** WHAT IS EXPECTED **
Among the lines below, tally those that contain "http" and respond with the total only.

::::::::::

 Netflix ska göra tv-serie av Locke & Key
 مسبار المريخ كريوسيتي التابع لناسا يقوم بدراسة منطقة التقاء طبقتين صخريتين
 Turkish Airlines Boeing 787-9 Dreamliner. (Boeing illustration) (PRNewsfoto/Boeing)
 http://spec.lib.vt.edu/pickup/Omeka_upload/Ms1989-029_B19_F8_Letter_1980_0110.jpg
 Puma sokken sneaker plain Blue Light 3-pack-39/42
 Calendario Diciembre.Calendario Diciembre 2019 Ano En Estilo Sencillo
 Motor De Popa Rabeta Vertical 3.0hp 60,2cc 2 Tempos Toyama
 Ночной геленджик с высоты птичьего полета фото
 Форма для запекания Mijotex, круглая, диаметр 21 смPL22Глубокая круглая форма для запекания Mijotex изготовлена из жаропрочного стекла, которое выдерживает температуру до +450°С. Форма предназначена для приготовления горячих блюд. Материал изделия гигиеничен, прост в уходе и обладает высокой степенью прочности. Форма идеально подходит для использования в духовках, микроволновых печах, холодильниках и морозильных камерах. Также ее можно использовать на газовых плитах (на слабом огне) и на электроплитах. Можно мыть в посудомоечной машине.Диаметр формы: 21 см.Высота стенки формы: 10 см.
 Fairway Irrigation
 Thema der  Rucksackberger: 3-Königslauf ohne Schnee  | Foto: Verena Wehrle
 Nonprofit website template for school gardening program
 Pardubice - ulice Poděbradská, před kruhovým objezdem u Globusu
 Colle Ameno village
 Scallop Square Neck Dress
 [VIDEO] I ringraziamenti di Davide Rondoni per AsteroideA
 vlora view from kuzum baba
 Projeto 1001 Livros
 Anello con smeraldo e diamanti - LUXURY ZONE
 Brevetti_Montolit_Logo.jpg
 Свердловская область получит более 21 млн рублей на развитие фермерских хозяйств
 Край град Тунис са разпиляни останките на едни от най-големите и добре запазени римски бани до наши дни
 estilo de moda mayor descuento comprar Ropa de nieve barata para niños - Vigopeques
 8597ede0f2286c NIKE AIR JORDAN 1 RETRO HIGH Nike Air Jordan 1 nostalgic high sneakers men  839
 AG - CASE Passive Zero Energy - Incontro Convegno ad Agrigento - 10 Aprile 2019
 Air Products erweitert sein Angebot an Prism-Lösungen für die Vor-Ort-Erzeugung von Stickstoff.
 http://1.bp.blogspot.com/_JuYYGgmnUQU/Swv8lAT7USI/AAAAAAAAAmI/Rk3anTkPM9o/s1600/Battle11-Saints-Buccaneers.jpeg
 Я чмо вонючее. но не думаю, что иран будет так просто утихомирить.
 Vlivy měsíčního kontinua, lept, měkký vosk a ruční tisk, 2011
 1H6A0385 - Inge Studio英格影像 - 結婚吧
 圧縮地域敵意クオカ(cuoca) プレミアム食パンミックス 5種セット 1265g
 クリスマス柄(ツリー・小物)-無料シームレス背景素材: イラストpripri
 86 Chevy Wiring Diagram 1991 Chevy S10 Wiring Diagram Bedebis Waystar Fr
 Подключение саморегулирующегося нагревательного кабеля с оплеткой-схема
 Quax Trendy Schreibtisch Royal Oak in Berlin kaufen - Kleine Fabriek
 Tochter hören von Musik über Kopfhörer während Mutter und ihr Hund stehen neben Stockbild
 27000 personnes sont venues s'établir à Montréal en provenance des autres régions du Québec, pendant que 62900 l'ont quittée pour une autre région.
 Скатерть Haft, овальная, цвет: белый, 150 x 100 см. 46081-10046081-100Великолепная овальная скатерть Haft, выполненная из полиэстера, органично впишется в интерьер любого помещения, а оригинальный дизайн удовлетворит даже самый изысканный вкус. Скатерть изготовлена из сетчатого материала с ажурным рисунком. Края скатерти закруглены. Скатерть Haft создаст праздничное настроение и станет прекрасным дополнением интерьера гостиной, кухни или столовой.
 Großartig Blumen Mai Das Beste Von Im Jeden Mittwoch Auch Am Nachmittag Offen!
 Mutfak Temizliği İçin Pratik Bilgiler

::::::::::

** SOLUTION **
2